La puerta del Salón Luz de Estrella estaba cerrada. Pulsó el botón mientras volvía la cabeza hacia el otro extremo del pasillo. Las puertas del ascensor iban y venían empujando suavemente el cuerpo del oficial caído, y pensó que las puertas parecían un amante no muy sutil que intentaba despertarle. Oyó un campanilleo distante.
–Por favor, dejen libre la entrada –dijo la voz del ascensor–. Por favor, dejen libre la entrada.
–¿Sí? –preguntó la puerta que daba acceso al Salón Luz de Estrella.
–Stap, soy Sherad. He cambiado de opinión.
–¡Estupendo!
La puerta se abrió.
Entró en el salón y pulsó el botón de cierre. El recinto no era muy grande, y estaba lleno del humo de las drogas y de personas mutiladas. La música hacía vibrar la atmósfera, las luces habían sido colocadas a un nivel de intensidad muy bajo y los ojos de todos los presentes –algunos estaban fuera de sus cuencas–, se volvieron hacia él. La máquina gris del doctor se encontraba junto al bar atendido por un par de camareras.
Maniobró al doctor hasta colocarle entre él y los demás y le puso la pistola aturdidora debajo del mentón.
–Malas noticias, Stap. Estos trastos pueden ser letales a corta distancia, y la pistola con que le amenazo está al máximo de potencia. Necesito su máquina. Preferiría contar con su cooperación, pero si no hay más remedio puedo arreglármelas sin ella.
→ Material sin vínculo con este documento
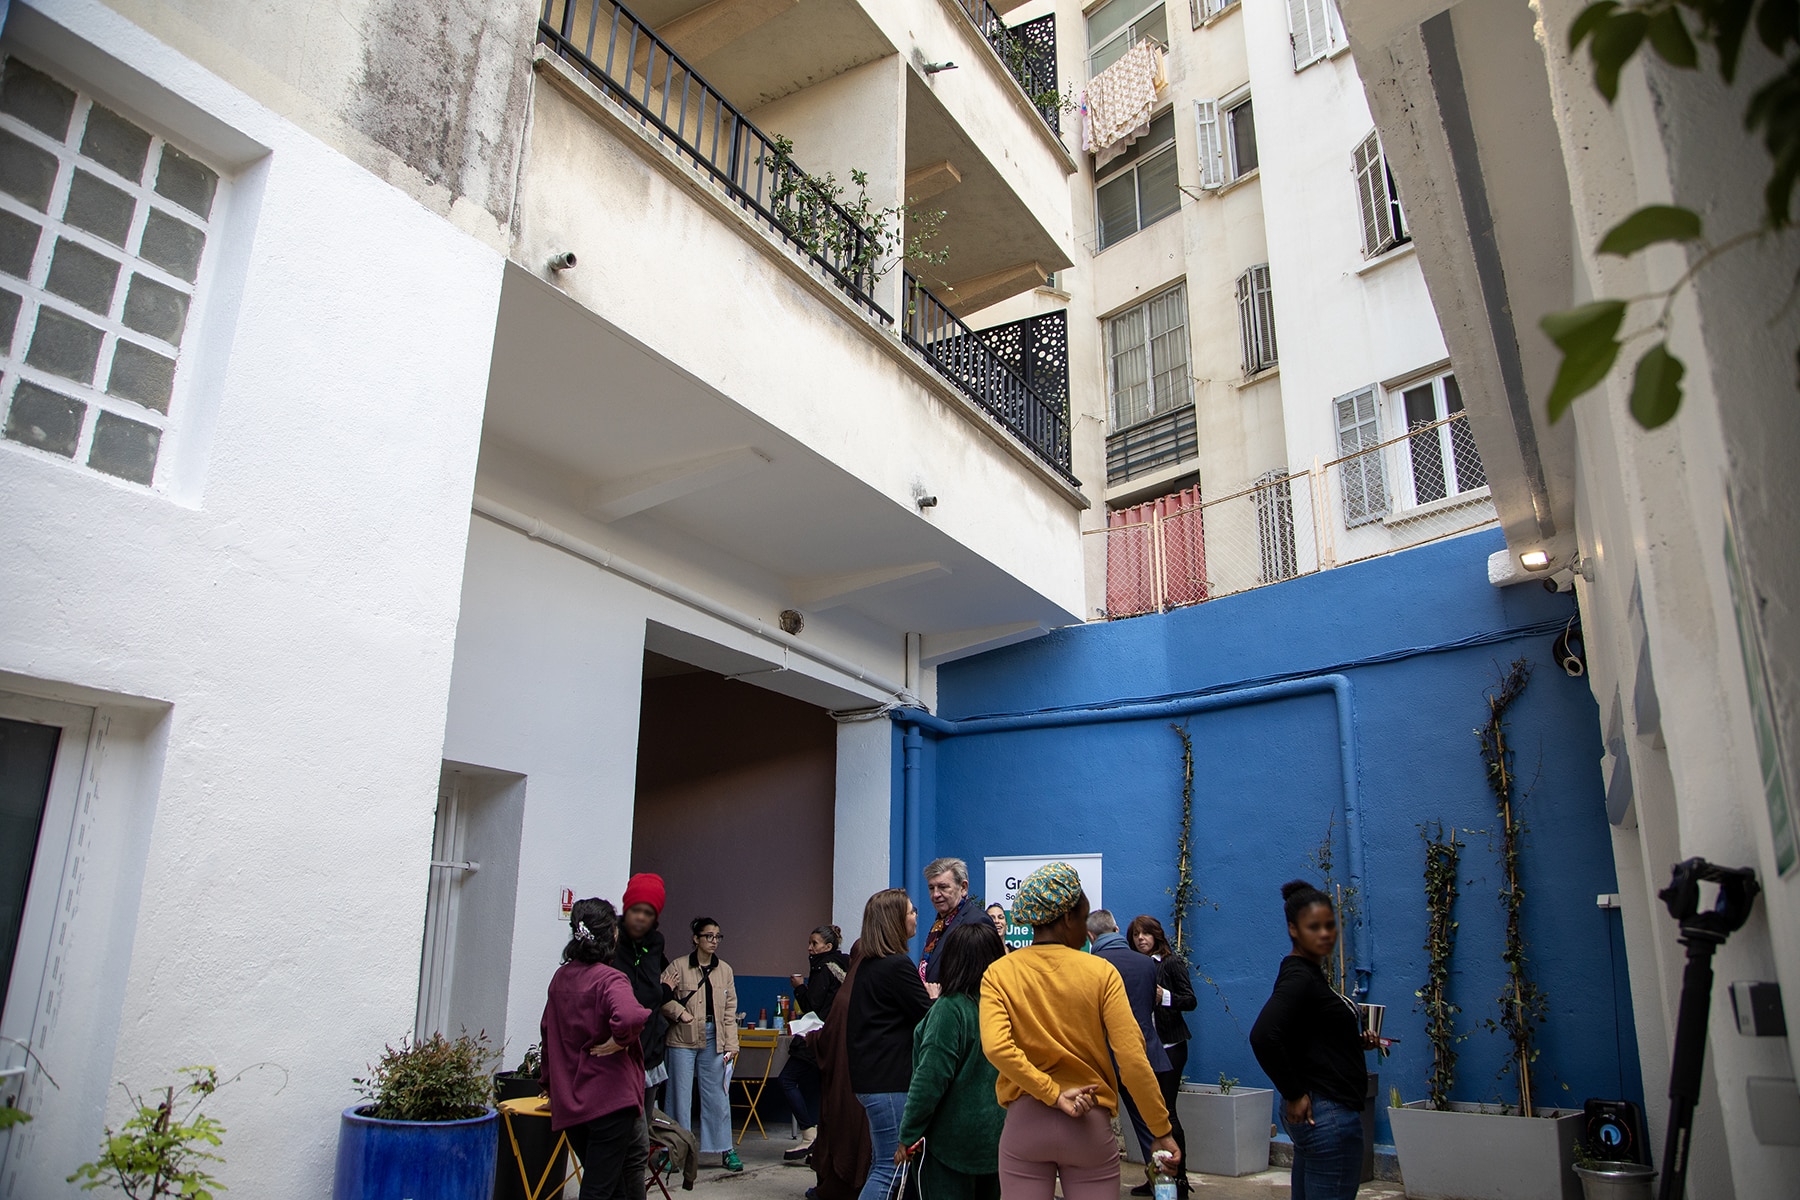 hébergement, Un nouveau centre d&rsquo;hébergement d&rsquo;urgence dédié aux femmes ouvre à Marseille, Made in Marseille

Hablo muy en serio y tengo muchísima prisa, así que… ¿cuál es su respuesta?
Stap emitió una especie de gorgoteo.
–Tres –murmuró hundiendo el cañón del arma un poco más en el cuello del doctor–. Dos…
–¡De acuerdo! ¡Por aquí!
Soltó a Stap y le siguió hasta la máquina que utilizaba en su extraño negocio. Mantuvo las manos juntas ocultando las dos pistolas aturdidoras dentro de las mangas y saludó con la cabeza a los invitados junto a los que pasaron. Durante un momento tuvo una línea de tiro despejada que terminaba en alguien situado al otro extremo del salón. Disparó y varios cuerpos se desplomaron de forma muy espectacular sobre una mesa cargada de comida. Todos los invitados volvieron la cabeza en esa dirección y la confusión permitió que él y Stap –al que tuvo que empujar cuando oyó el estrépito de los cuerpos cayendo sobre la mesa– llegaran rápidamente hasta donde estaba la máquina.
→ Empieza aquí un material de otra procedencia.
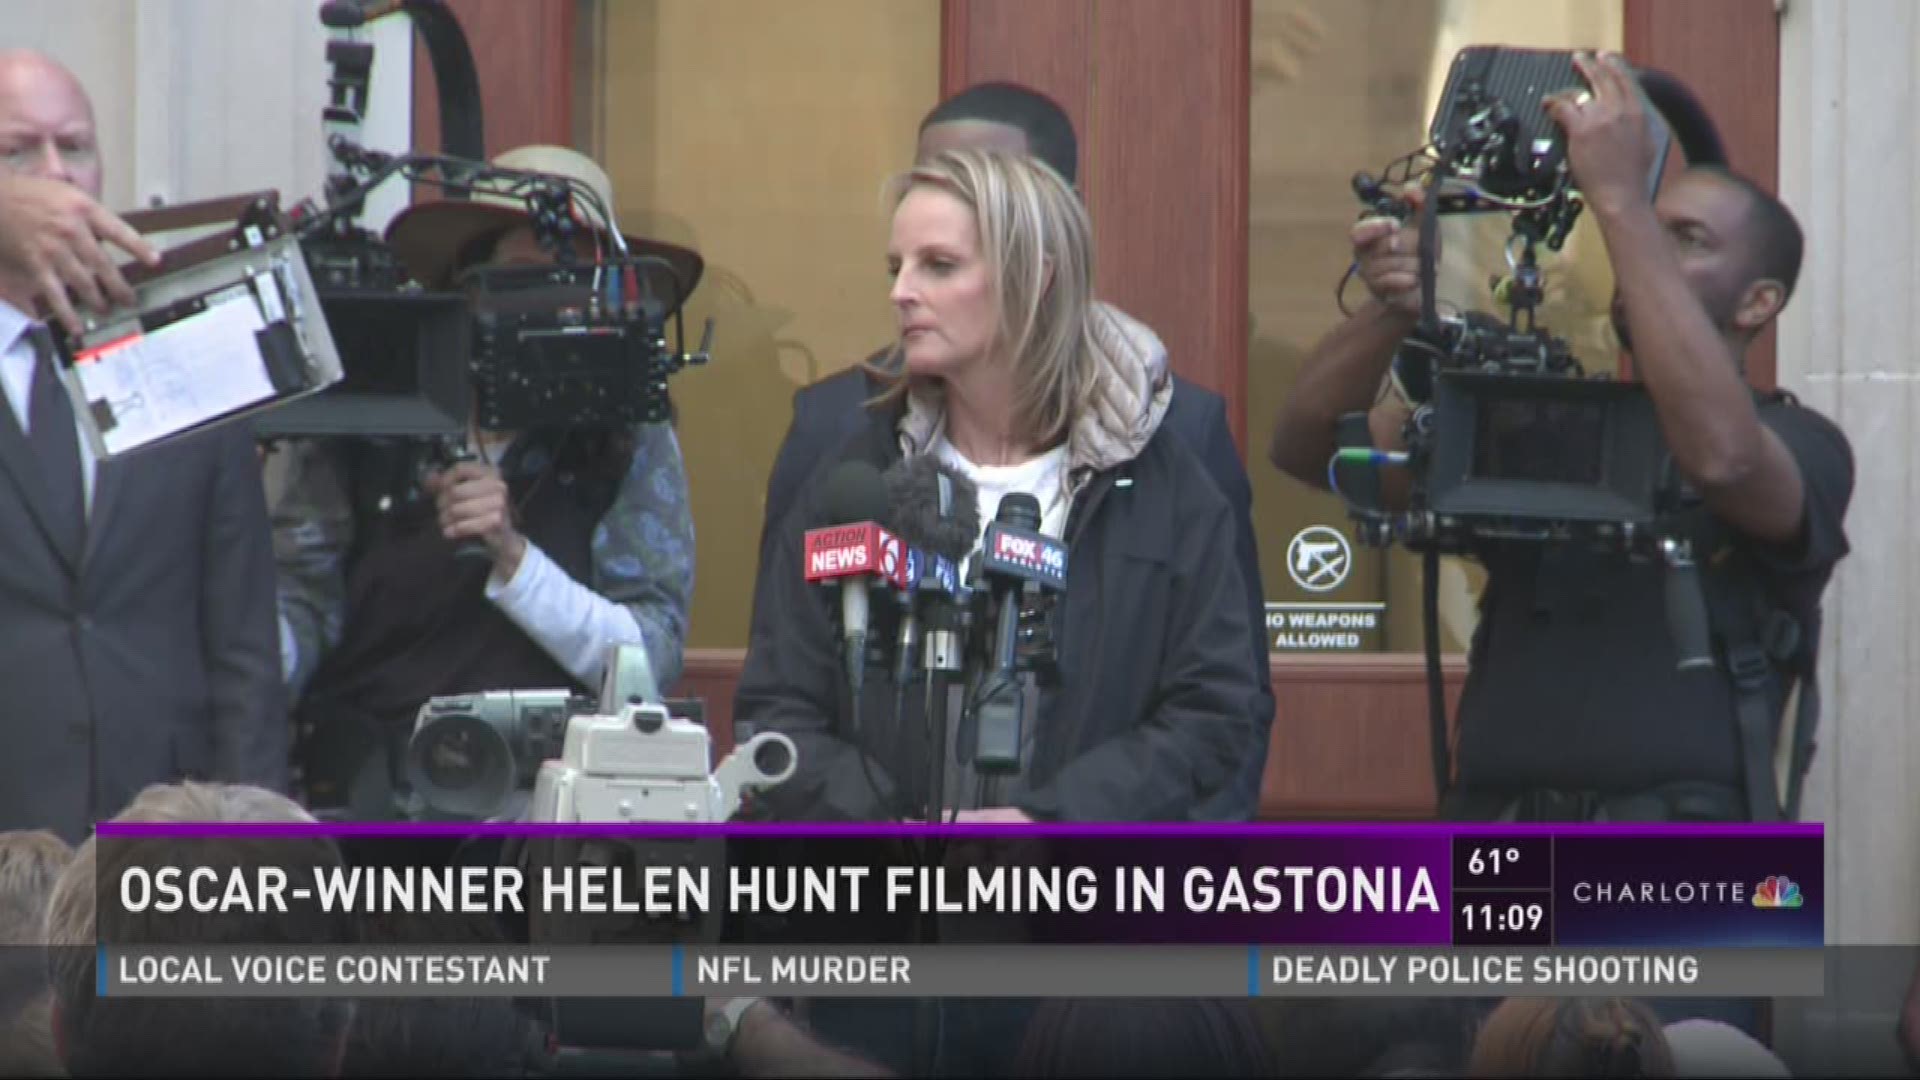 Oscar-winner Helen Hunt filing in Gastonia

–Disculpe –murmuró mirando a una de las camareras–. ¿Tendría la bondad de echar una mano al doctor? –Movió la cabeza señalando el espacio de detrás del mostrador–. Quiere poner la máquina allí, ¿verdad, Doc?
Entraron en el cuartito utilizado como almacén que había detrás del bar. Dio las gracias a la camarera, cerró la puerta, activó la cerradura y colocó un montón de cajas delante de ella. Se volvió hacia el doctor y le sonrió. Stap parecía muy alarmado.
–¿Ve la pared que hay detrás de usted, Stap?
Los ojos del doctor fueron velozmente hacia la pared.
–Vamos a atravesarla con la ayuda de su máquina.
–¡No puede hacer eso! No…
Apoyó el cañón de una pistola aturdidora en su frente. Stap cerró los ojos. La esquina del pañuelo que asomaba del bolsillo de su pecho estaba temblando.
–Stap, he visto cuáles son los efectos de esa máquina y creo tener cierta idea de cómo funciona. Quiero un campo de corte, un cuchillo tan fino que sea capaz de cortar las conexiones moleculares… Si no hace ahora mismo lo que le he dicho le dejaré sin sentido y trataré de hacerlo sin su ayuda, y si me equivoco y me cargo la máquina cuando despierte tendrá que enfrentarse a una clientela muy, muy enfadada. Puede que decidan hacerle lo mismo que les hizo usted, pero sin esa máquina… ¿Hmm?
Stap tragó saliva.
–Mm… –farfulló. Una de sus manos se movió lentamente hacia su chaqueta–. Mmm…, mmmm…, mis he-he-herramientas.
Sacó la carterita que contenía las herramientas, se volvió hacia la máquina y abrió un panel.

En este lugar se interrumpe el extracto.